Тысяча свадебных платьев - Дэвис Барбара. Страница 13

– Присядь со мною рядом и послушай.

Материнские слезы, столь редкие, пугают меня.

– Что случилось?

– Близятся большие перемены, – начинает она. – Время тьмы, что явится большим испытанием для всех нас. Даже сейчас чувствуется, какой дует ветер. – Maman теребит на шее золотой крестик с распятием, что в последнее время носит постоянно. Вертеть его пальцами – новая ее привычка. Точно так же Maman постоянно держит в кармане передника нитку с гранатовыми бусинами и рассеянно их перебирает, когда руки свободны от работы.

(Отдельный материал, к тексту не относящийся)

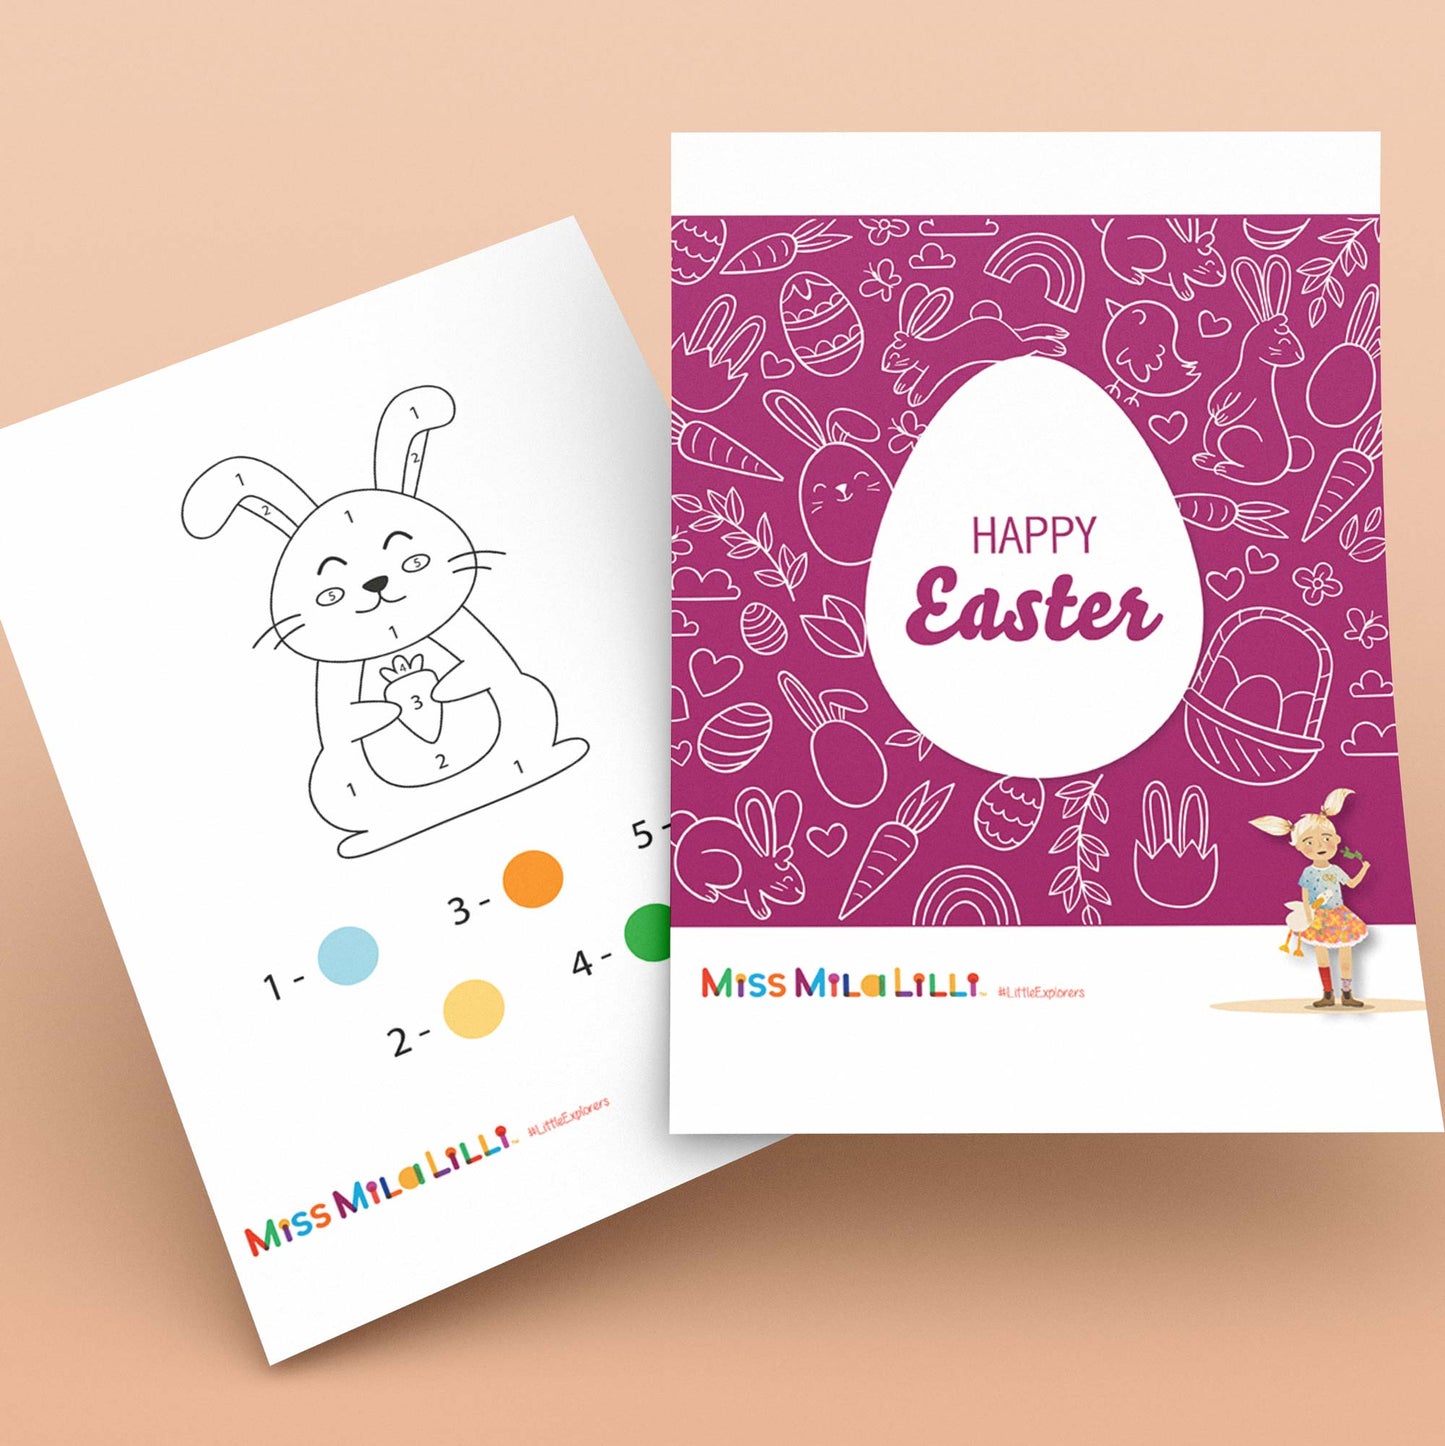 FREE printable Easter activity sheets

Oui, моя Maman держит при себе четки. А также носит на шее крестик. Впрочем, для таких, как мы, вовсе не редкость быть приверженцем католичества и в то же время практиковать la magie des esprits [14]. Моя мать не посещает мессы и не ходит на исповеди, и все же теперь она время от времени заглядывает в церковь, чтобы поставить свечку – своего рода защиту от невезения и злого умысла.

Возможно, эта связь восходит еще к раннему существованию христианства, когда наши праздники тоже включали в церковный календарь в попытке приобщить таких женщин, как мы, к «единой истинной вере». Или это пережиток тех мрачных веков, когда человека, не являющегося католиком, могли запросто привязать к столбу и сжечь. Какова бы ни была причина, многие владеющие Даром во Франции продолжали опасно балансировать на грани между святыми угодниками и сакральными духами. Особенно женщины.

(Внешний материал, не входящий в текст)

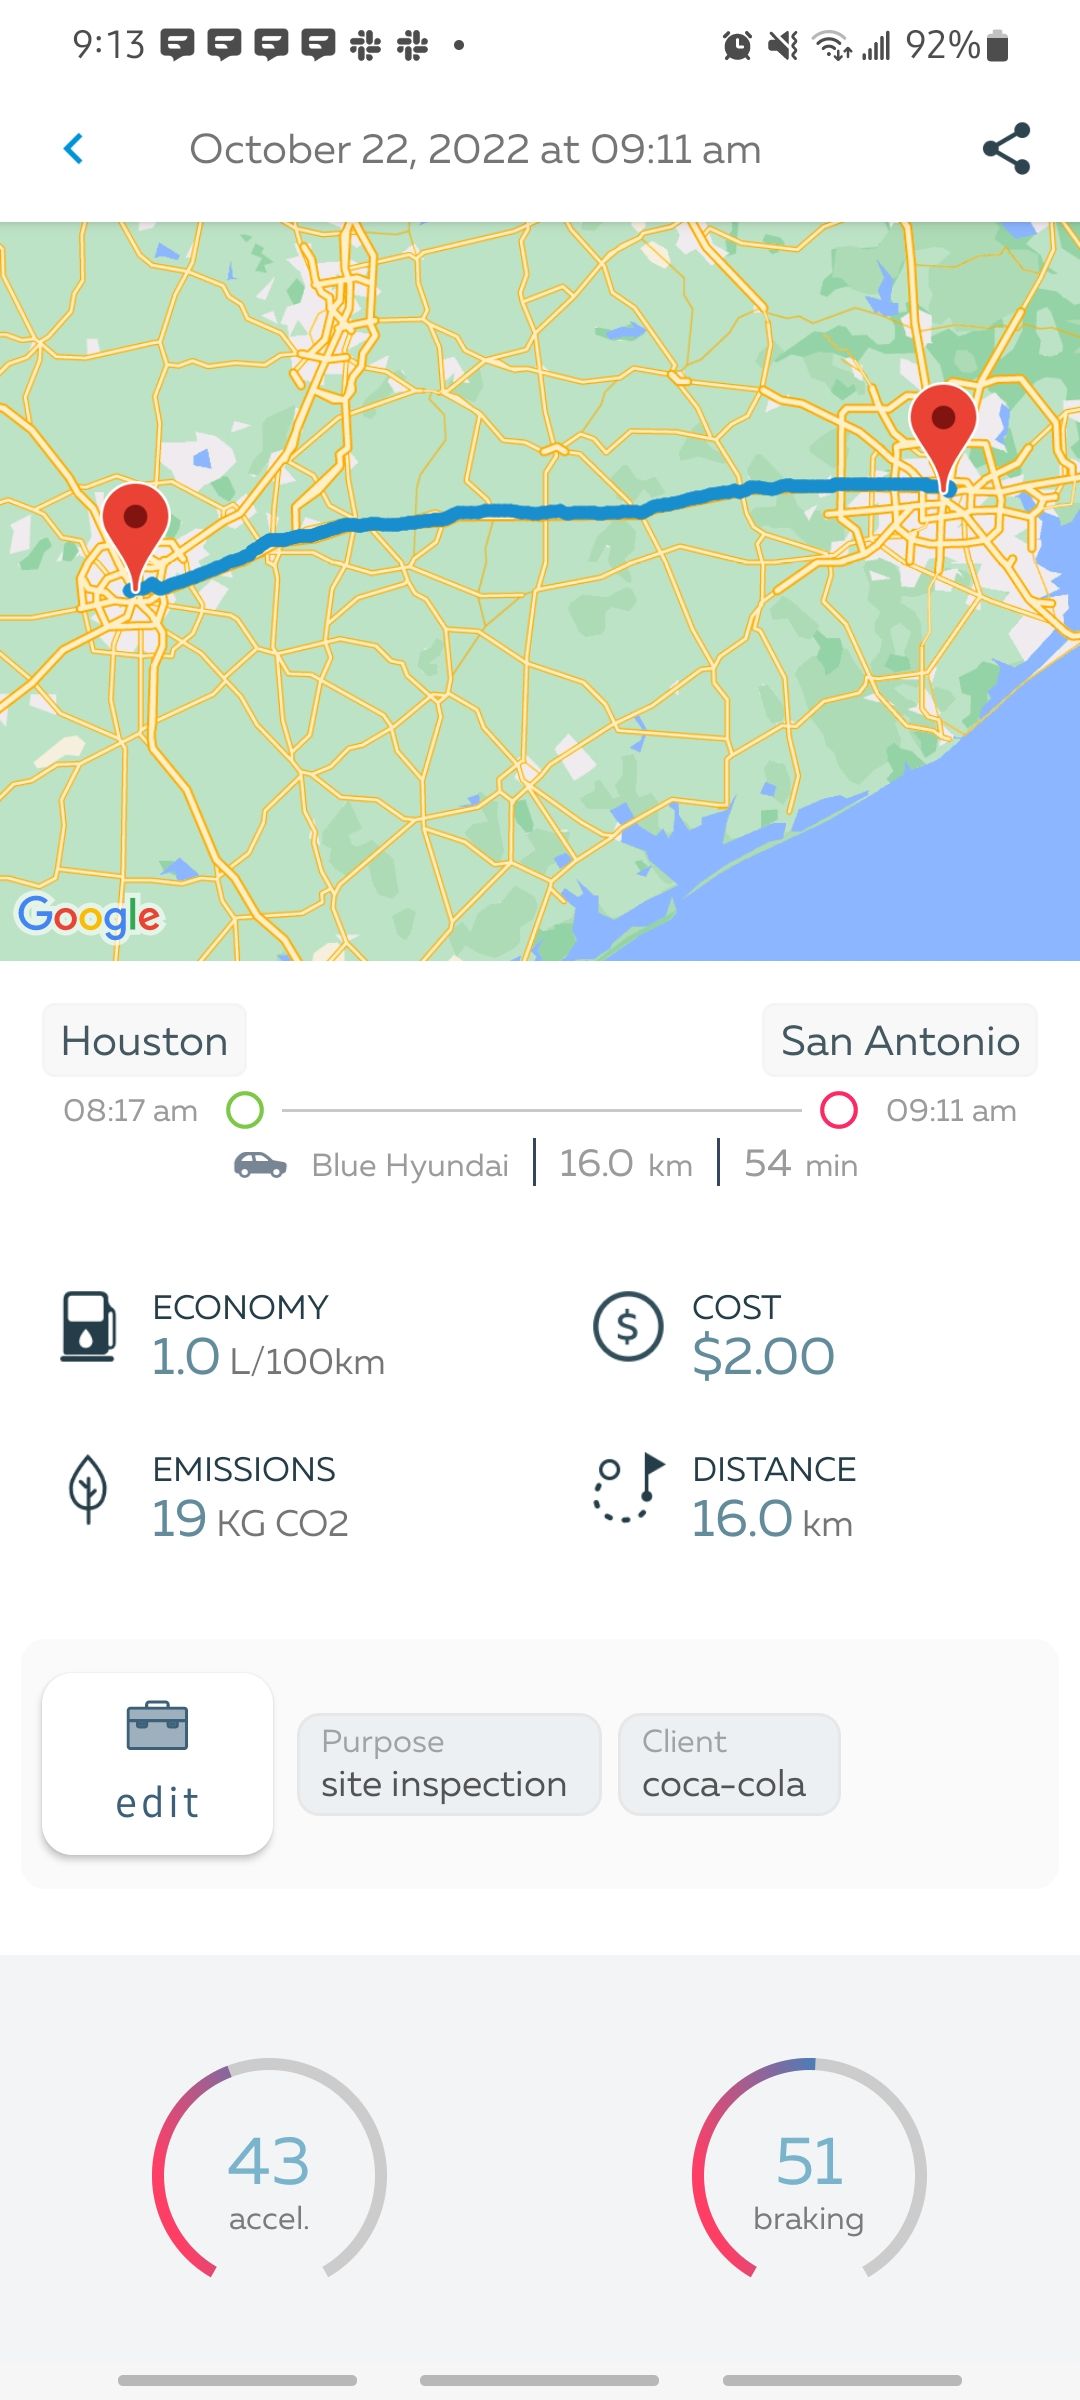 gofar app taking a closer look at a trip with its cost and mileage

Женщины во все времена доставляли много проблем власть имущим. Потому что мы обладаем особым видением, особым знанием. Вот и сейчас Maman явно постигла нечто такое, что неведомо другим. А потому я сижу тихонько, ожидая, что же она скажет.

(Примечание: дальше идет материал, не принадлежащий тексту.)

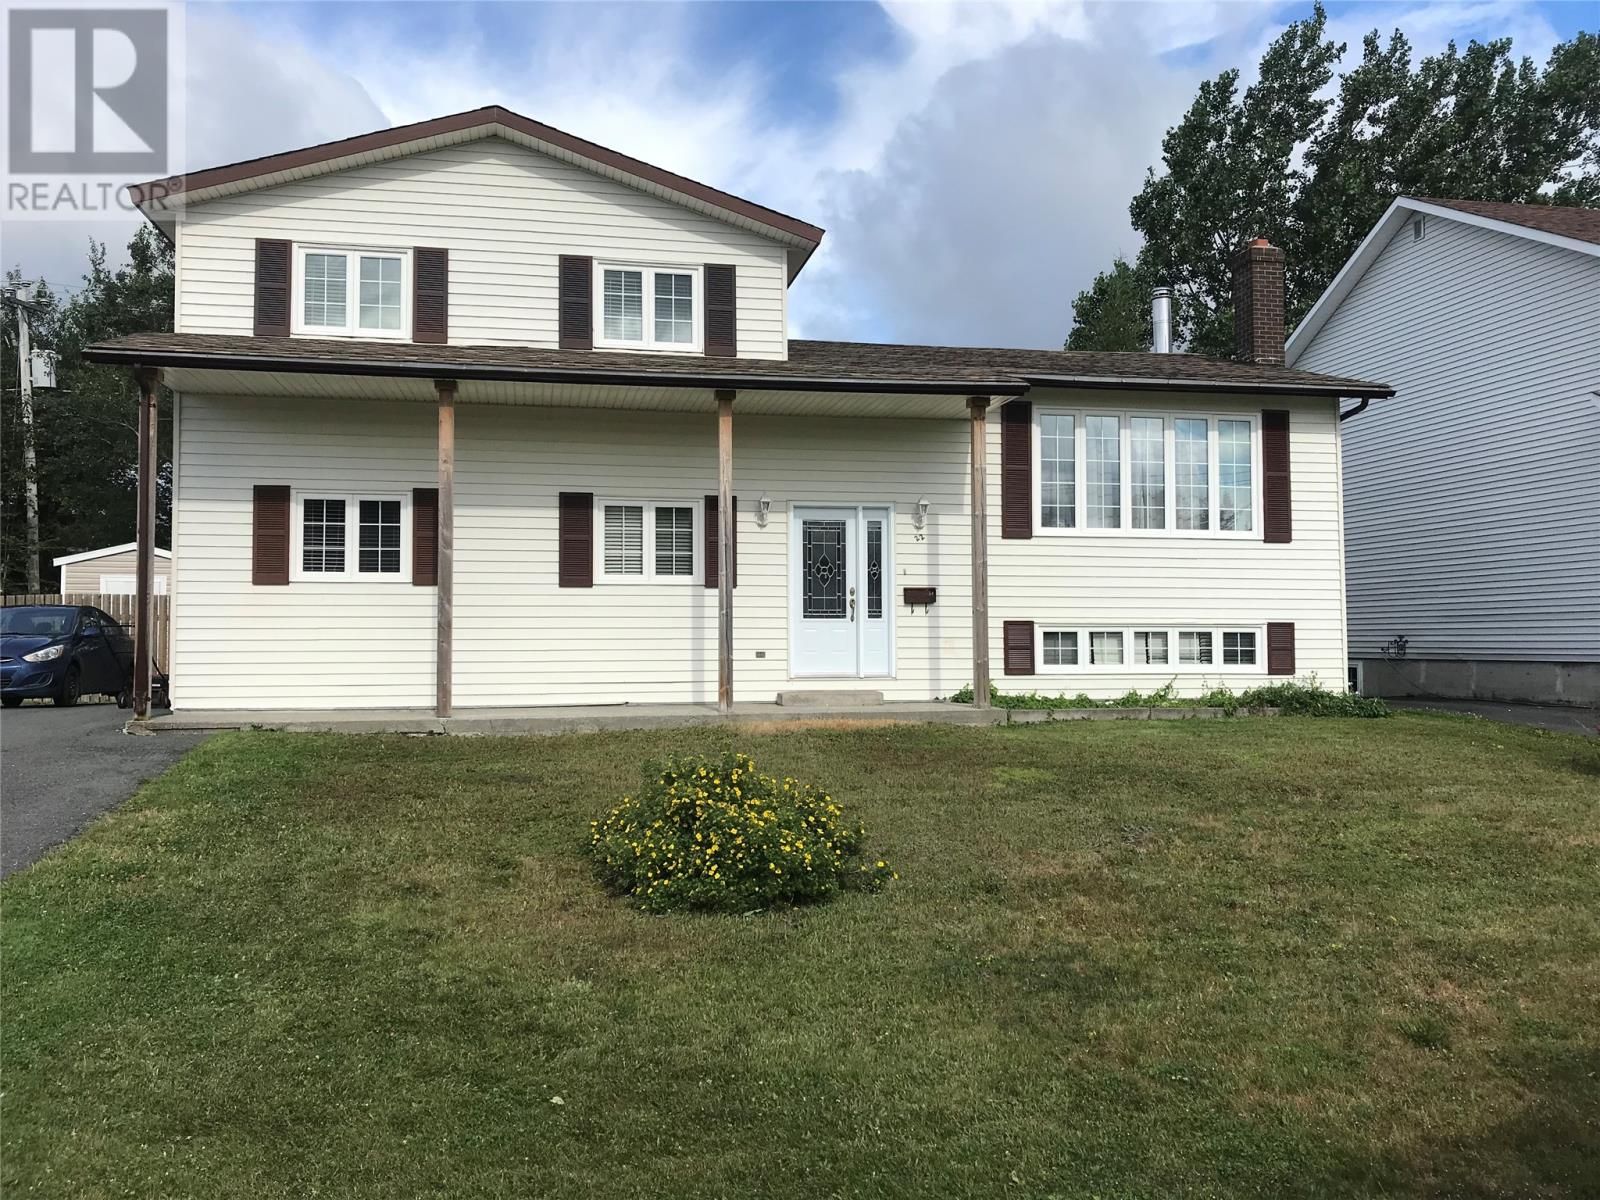 Main Photo: 22 Collishaw Crescent in Gander: House for sale : MLS®# 1257177

– Снова эти немцы, – резко произносит она, возвращаясь к нити разговора. – Немцы под предводительством un fou – безумца с черной душой. Он попытается забрать себе все. А что не сможет забрать – то уничтожит. – Умолкнув ненадолго, Maman кладет ладонь мне на предплечье: – Ты должна быть к этому готова, Со-Со.

Она редко меня касается. И никогда не называет меня Со-Со. В детстве это было одно из моих ласкательных имен, придуманных тетушкой Лилу, и мать оно обычно сильно раздражало. От столь внезапного проявления нежности с ее стороны по моему телу пробегает холодок.

– Откуда ты это знаешь?

– Мне уже довелось это пережить. Причем не так и давно. И теперь это грядет снова. – Склонив голову, она плотно зажмуривает глаза, словно пытаясь избавиться от страшных образов. – Эта война будет совсем не пустяковая заварушка. Надвигается такое изуверство, такая беспощадная жестокость, каких свет еще не видывал. И, вероятно, не увидит. – Maman резко поднимает голову, и ее пронзительный взгляд приковывается к моему лицу. – И тебе понадобится быть очень сильной, ma fille [15]. И очень осторожной.

Неожиданно я замечаю, что она сильно побледнела, а темные глаза, ищущие мой взгляд, напоминают блестящие жесткие бусины. Почему же я не наблюдала прежде, как заострился овал ее лица и стали тонкими некогда полные губы? Она явно изрядно напугана – а я еще ни разу не видела, чтобы Maman чего-то боялась.

Есть что-то, чего она недоговаривает. Что-то такое, что пугает ее сильнее, чем перспектива войны. Внезапно мне тоже становится страшно.

– Когда, Maman?

– Через год. Может, чуть больше. Но я уже вовсю готовлюсь, делаю запасы на черный день. Что-либо достать будет потом все труднее и труднее. И еду, и одежду, даже обувь. Деньги потеряют свое значение, потому что покупать будет нечего и не у кого. Вот почему в мастерской у нас теперь так тесно. И в кладовой внизу. Так что, когда настанет трудный час, у тебя будет все необходимое. И то, что ты сможешь на что-либо обменять. – Ее пальцы вновь нашаривают крестик. – Я боюсь за тебя.

Эти слова словно повисают между нами. Тяжелые слова. От них веет глухим одиночеством.

– Только за меня?

Взгляд матери остается неподвижным. Впервые на моей памяти ее чувства выходят из-под контроля. Глубокий страх. Печаль потери. Немая просьба о прощении. И мгновенно я сознаю все то, чего она недоговаривает, и то, чего до этого момента я просто не позволяла себе замечать. Впалость щек и постоянные тени под глазами, и кашель, который я нередко слышу по ночам. Я вдруг понимаю, что Maman больна и что скоро ее не станет.

Глава 7

Солин

Вот уже более двухсот лет существует негласный титул «Колдуньи над платьями». Она хранительница родовой тайны, наставница нашего ремесла. Наш дар, хотя и постигается в учении, по сути передается по наследству.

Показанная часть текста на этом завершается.